Data extract START

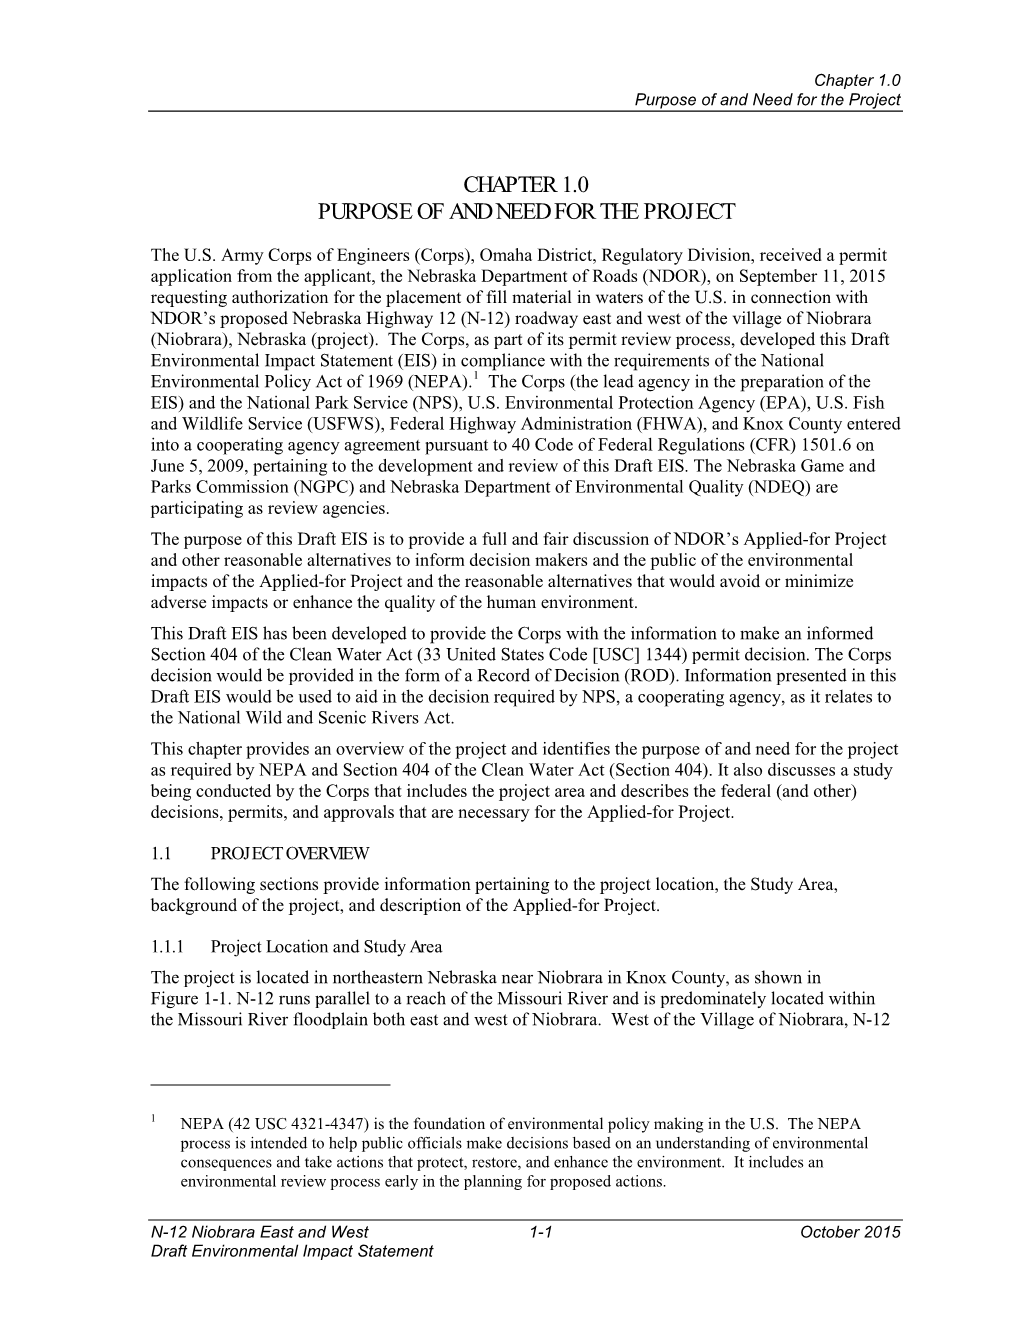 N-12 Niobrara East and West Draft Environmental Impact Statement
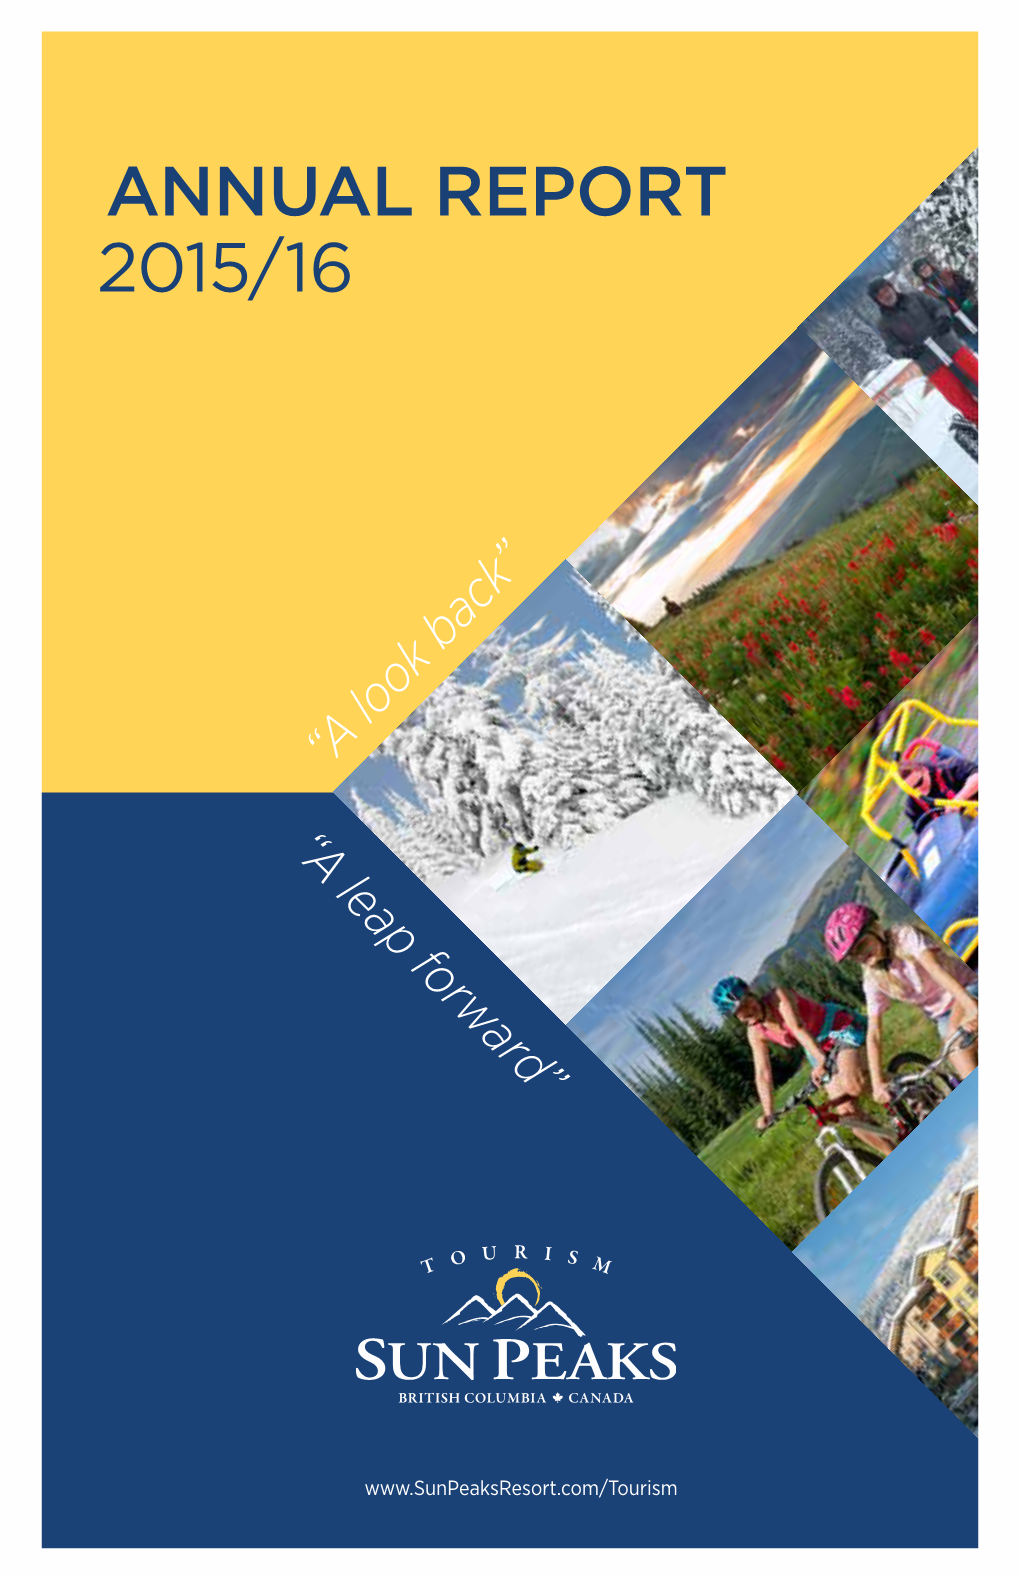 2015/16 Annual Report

Data extract END
Data extract START

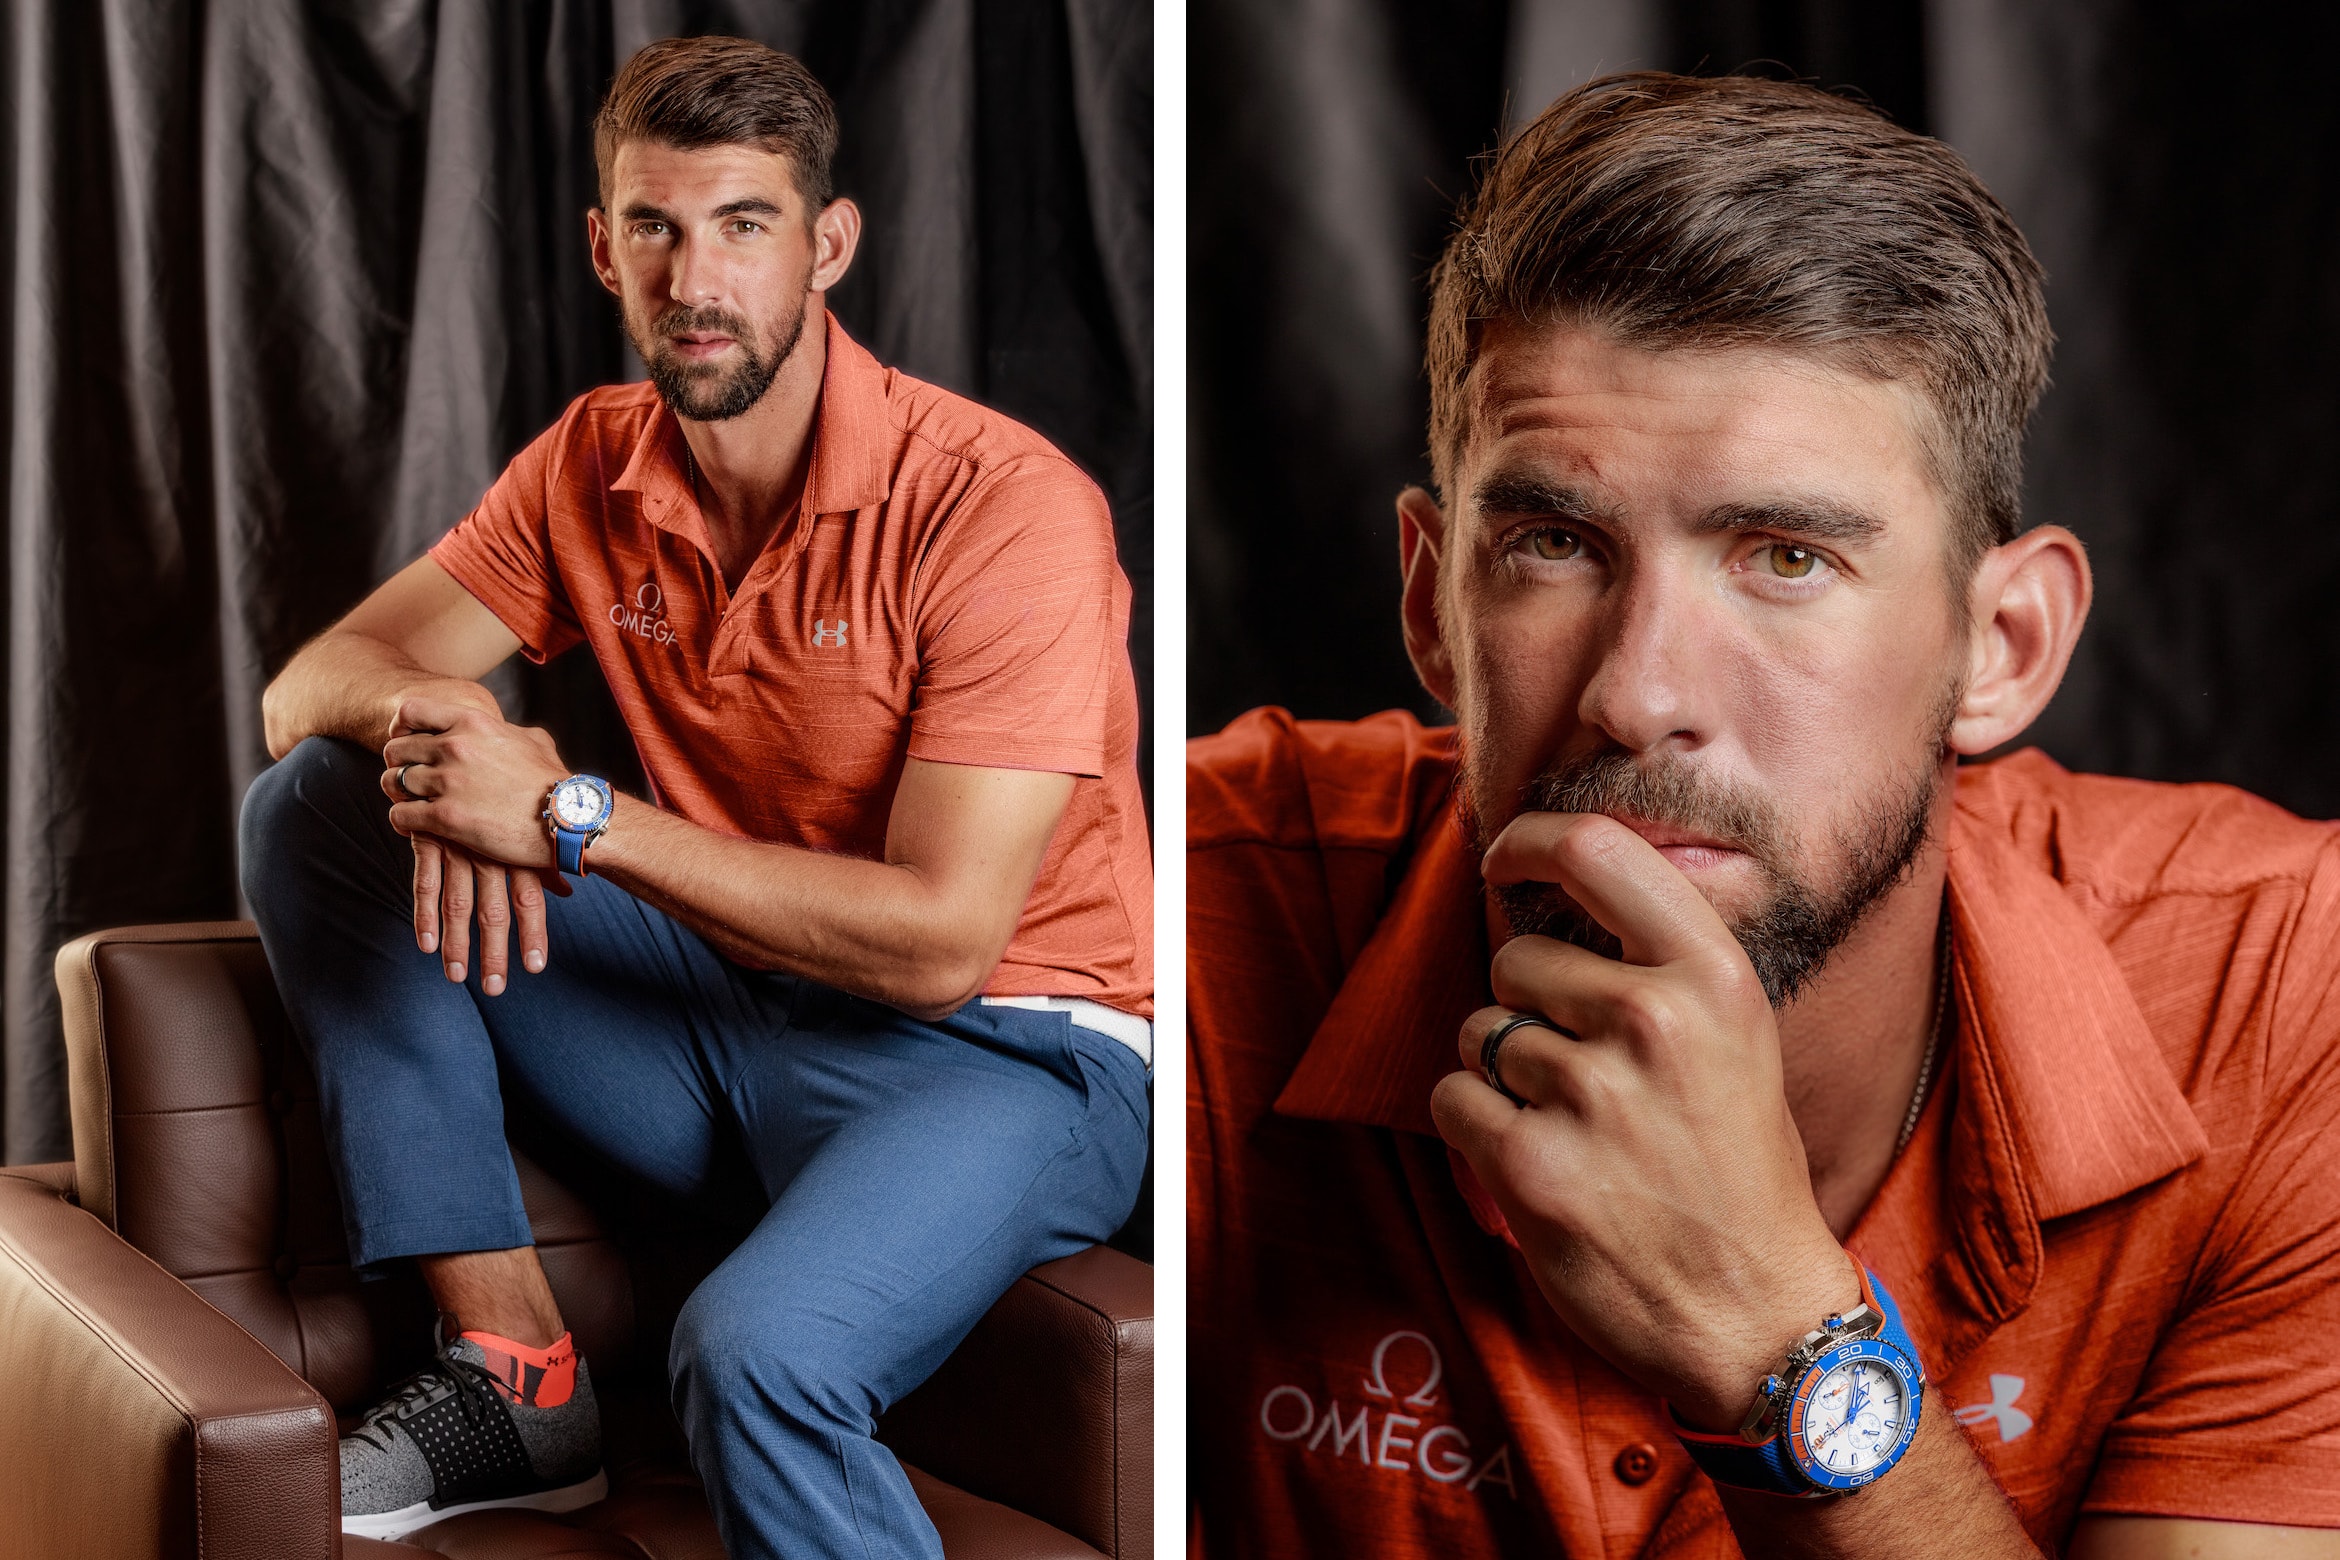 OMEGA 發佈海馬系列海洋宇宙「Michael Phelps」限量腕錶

Data extract END

Try it:
Only the lines above from the one with "N-12 Niobrara East" to the one with "2015/16 Annual Report" should be printed, both included and exactly as written; no picture belongs in the copy.

Solved exercise:
 N-12 Niobrara East and West Draft Environmental Impact Statement
 2015/16 Annual Report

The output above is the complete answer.